Biréli Lagrène Gipsy Project
Just the Way You Are
Dreyfus Jazz
2007-09-11

Like his hero and primary influence Django Reinhardt, Biréli Lagrène’s manouche guitar work is accomplished, confounding, and exhilarating. This record, the third in a series of mostly acoustic collaborations with his “Gipsy Project” sextet, finds Lagrène in good form, with fingers flying and ideas flowing. In fact, here is to be found some of the most technically impressive fretwork this reviewer has heard in some time. It’s firecracker stuff: up and down the board with dexterous ingenuity, his solos full of head-spinning shifts in direction, Lagrène makes the instrument his own. He is so calmly amazing at the thing that it’s easy to forget the rest of the musicians who surround him. Although their work (especially that of hornman Franck Wolf) is sturdy (if a bit reserved), this record is all about the electrifying frontman.

Raised in a traditional Roma community in the 1960s and early ’70s, Lagrène first started playing the guitar at the age of four and (so goes the story) was being referred to as a child prodigy soon thereafter. Since then, he has racked up accolades from diverse sources. He even received an endorsement from John McLaughlin, which is sort of like having Michael Jordan admire your jump shot. He’s played everywhere, with a wide variety of musicians, and in a wide variety of styles (including a stretch in the early ’80s working alongside Jaco Pastorius). But, here, in a mostly acoustic Parisian café format, he is at his most effective. Especially on the more traditional numbers (such as Reinhardt’s own “Féerie”, for example), Lagrène’s music is utterly timeless. If it hadn’t been so crisply recorded it might sound like it was produced 60 years ago.

But, the reality is that the record was recorded over three days at Studio Ferber in Paris last Spring. The band was well-rehearsed; each track is focused, and tightly constructed. But, with song selections ranging from the traditional (“Féerie”, “Lune de Miel”) to the surprising (a slightly unnecessary vocal rendition of “All of Me” and a cover of Elvis Presley’s schlocky “Love me Tender”), it seems that the Gipsy Project came to the studio with a range of ideas about how to move their sound forward.

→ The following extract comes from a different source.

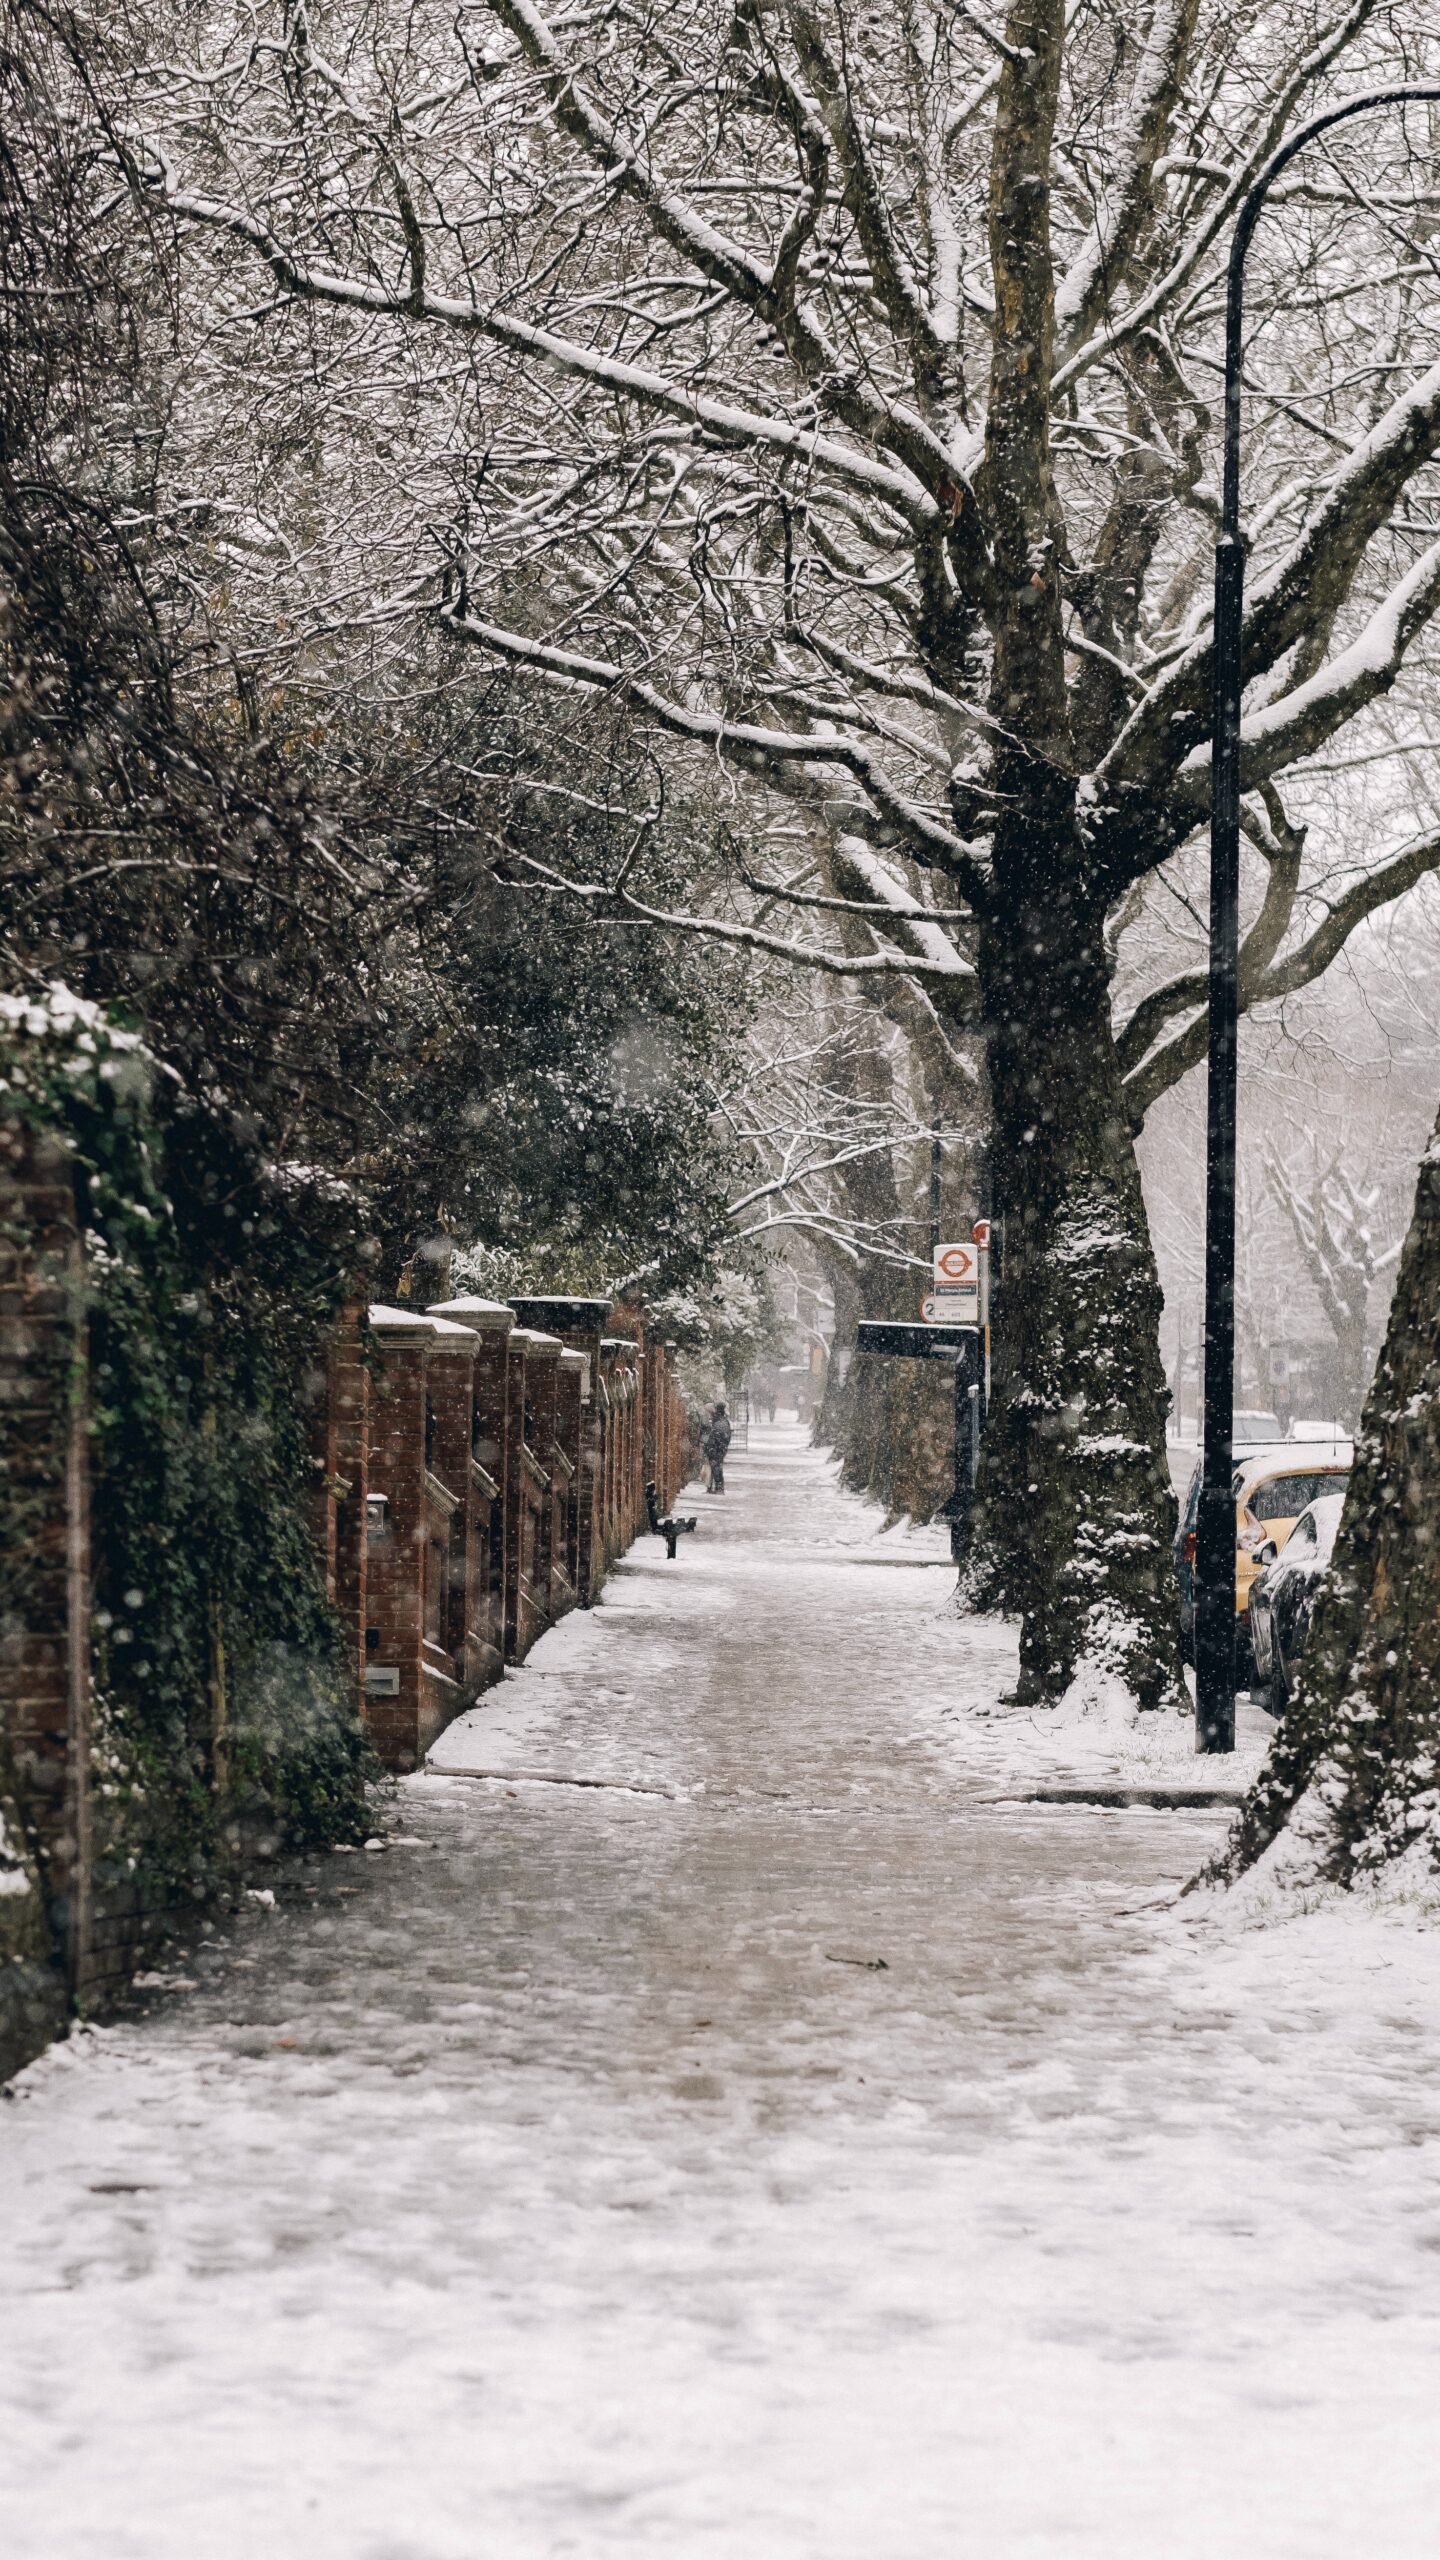 A wintry sidewalk can be beautiful, but also very dangerous if we let our minds wander

This is commendable, but a bit unfortunate. The standout cuts here are all excellent, but they can tend to sound out of sequence, as though we are listening to a few different records on shuffle. For, while their take on “After You’ve Gone” (Creamer/Layton) is stirring and classic, their version of “Guet-Apens” (Diego Imbert) is frantic and, in the spot it finds itself on an otherwise mostly traditional record, mood-shattering.